Required work →
Reproduce the data below exactly. Skip the pictures.

Given material →

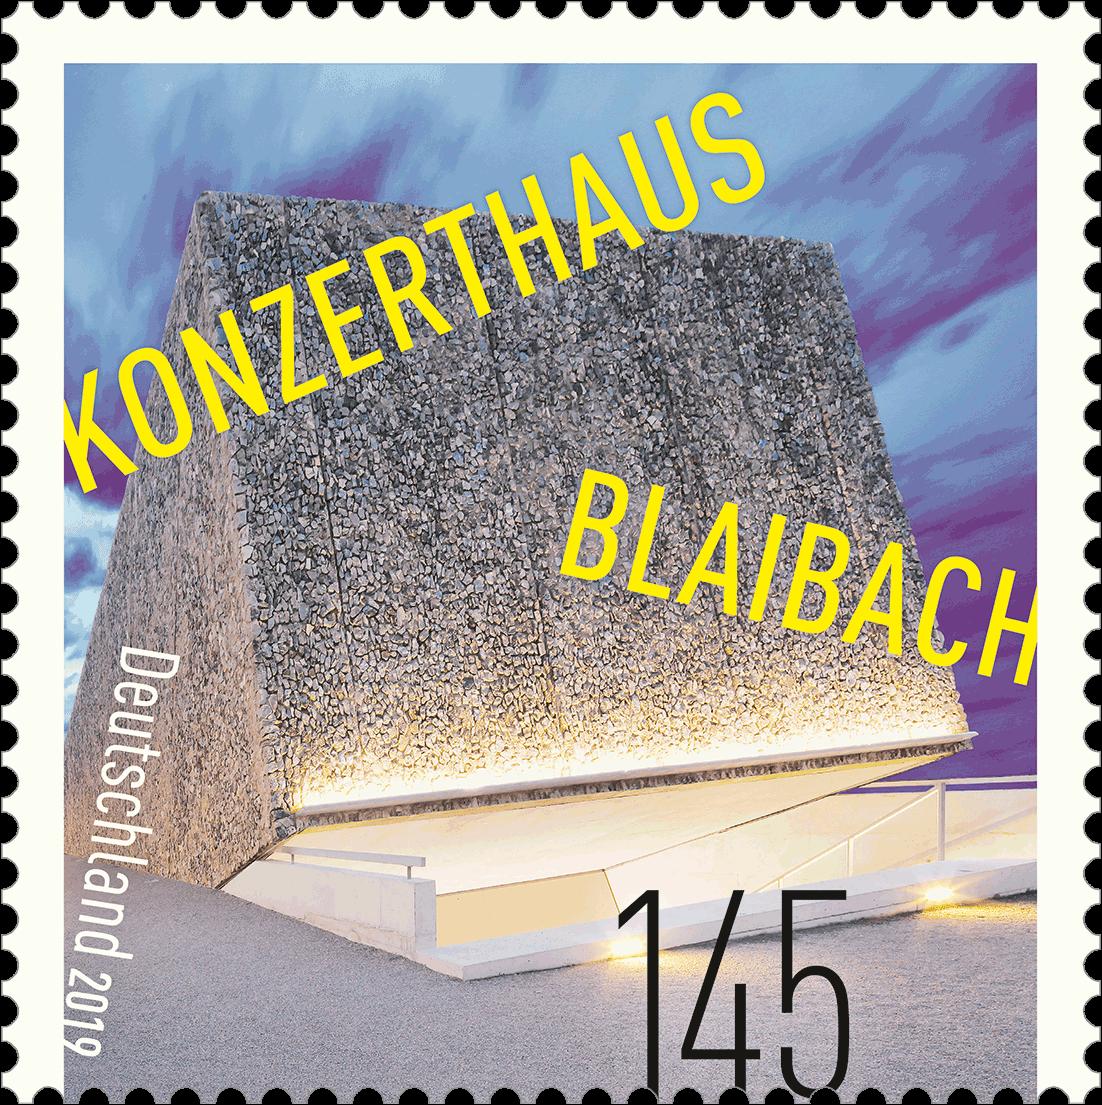 https://www.borek.de/briefmarke-konzerthaus-blaibach
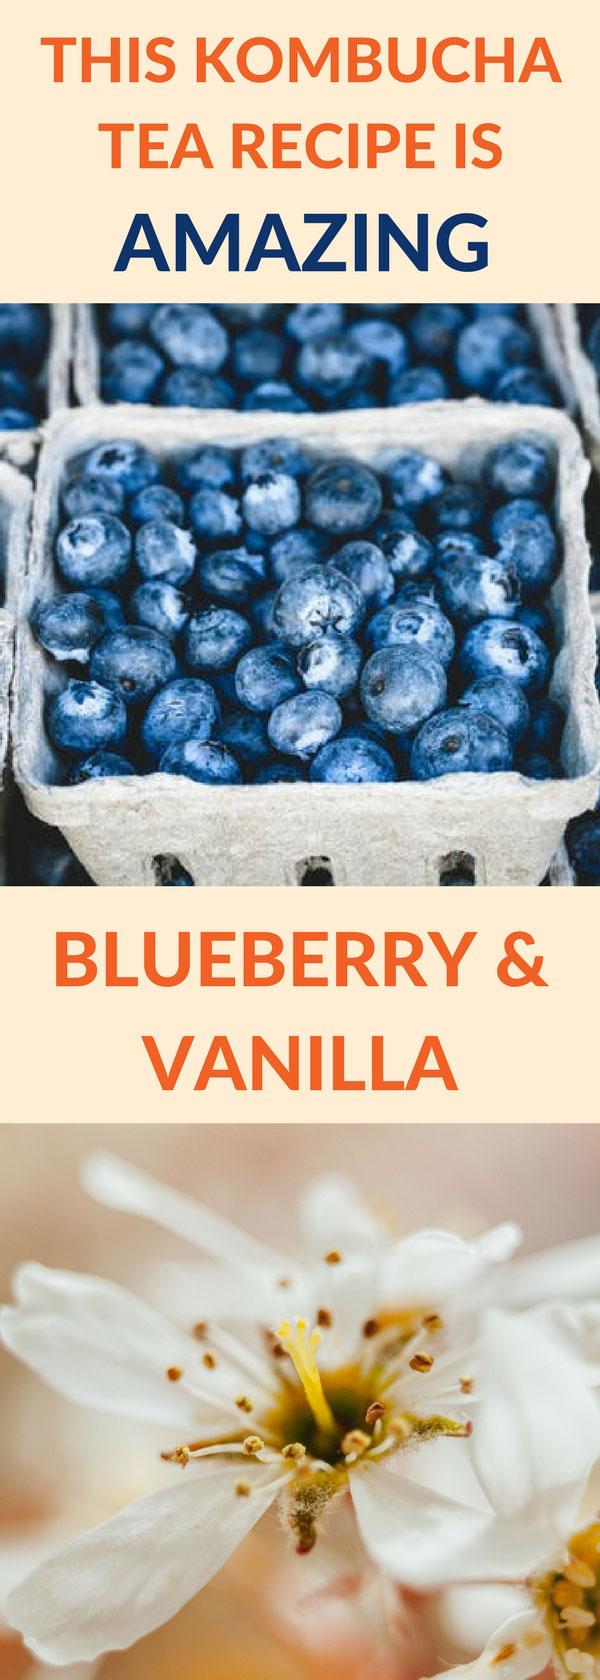 flavor kombucha blueberry vanilla pin
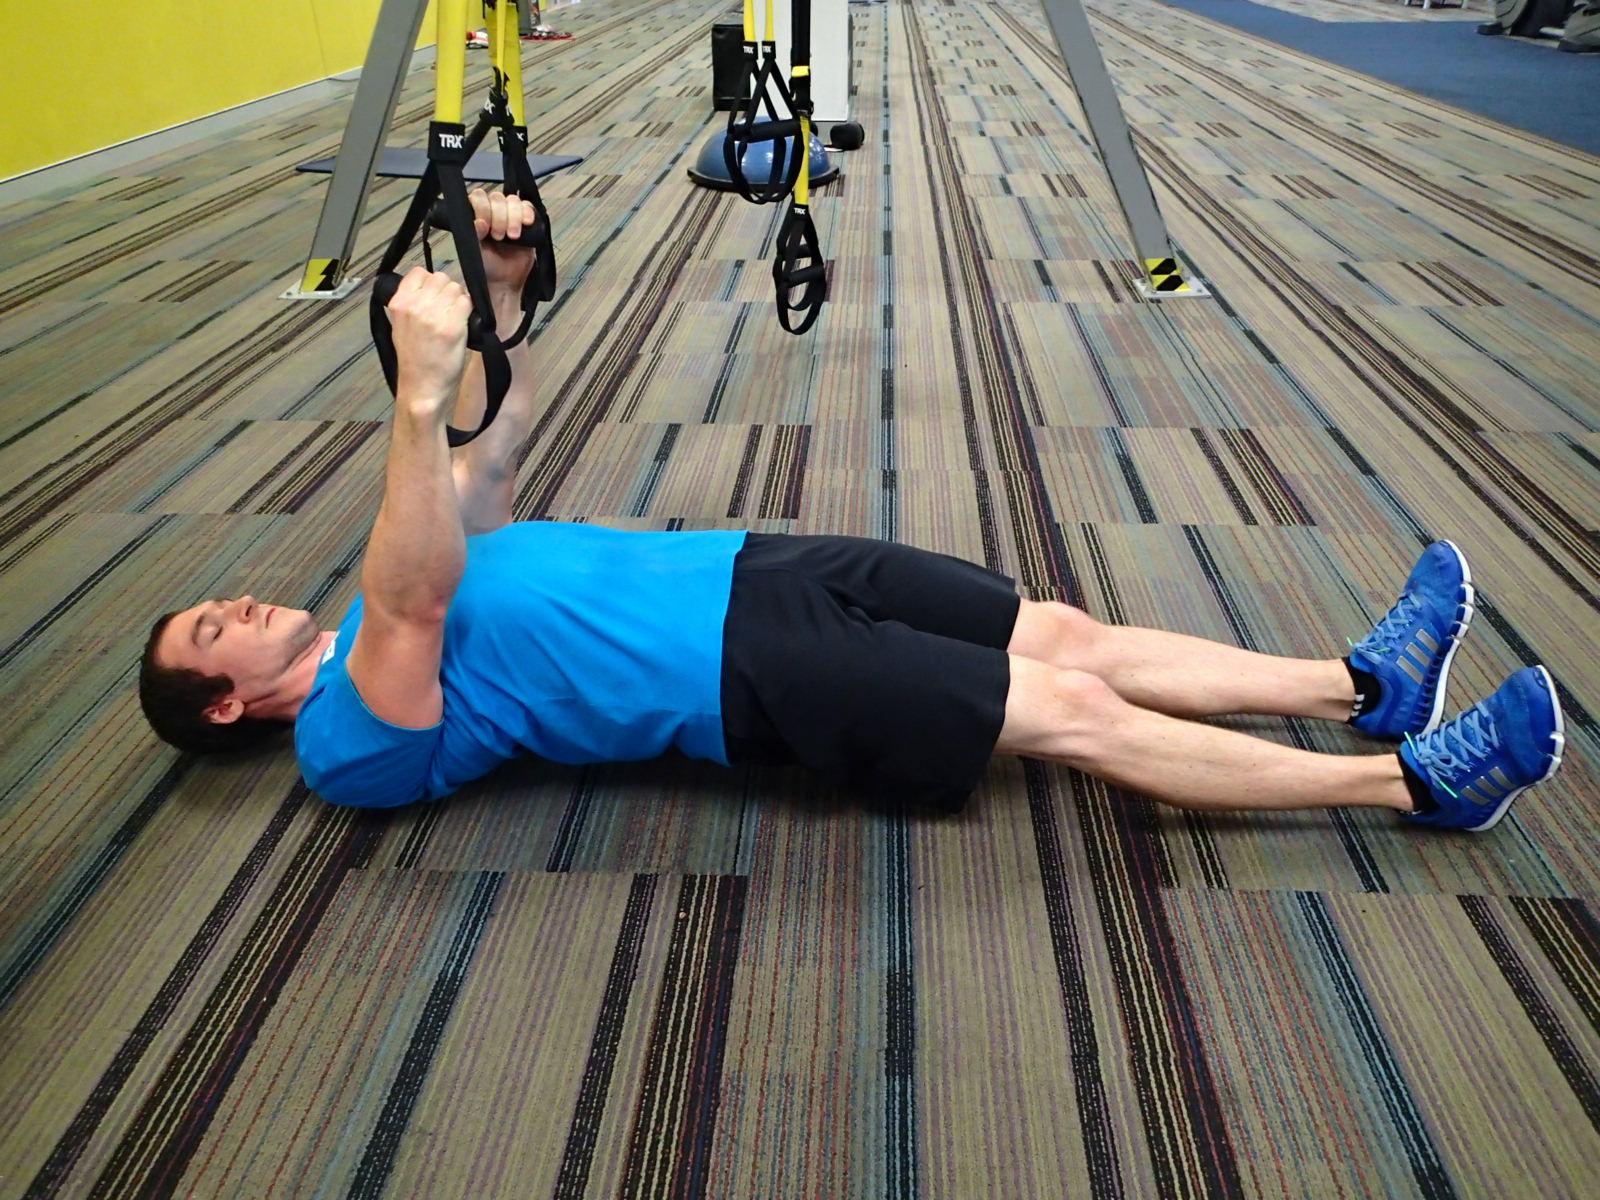 Inverted Row (Suspension Trainer) - legs straight

Answer below →
 https://www.borek.de/briefmarke-konzerthaus-blaibach
 flavor kombucha blueberry vanilla pin
 Inverted Row (Suspension Trainer) - legs straight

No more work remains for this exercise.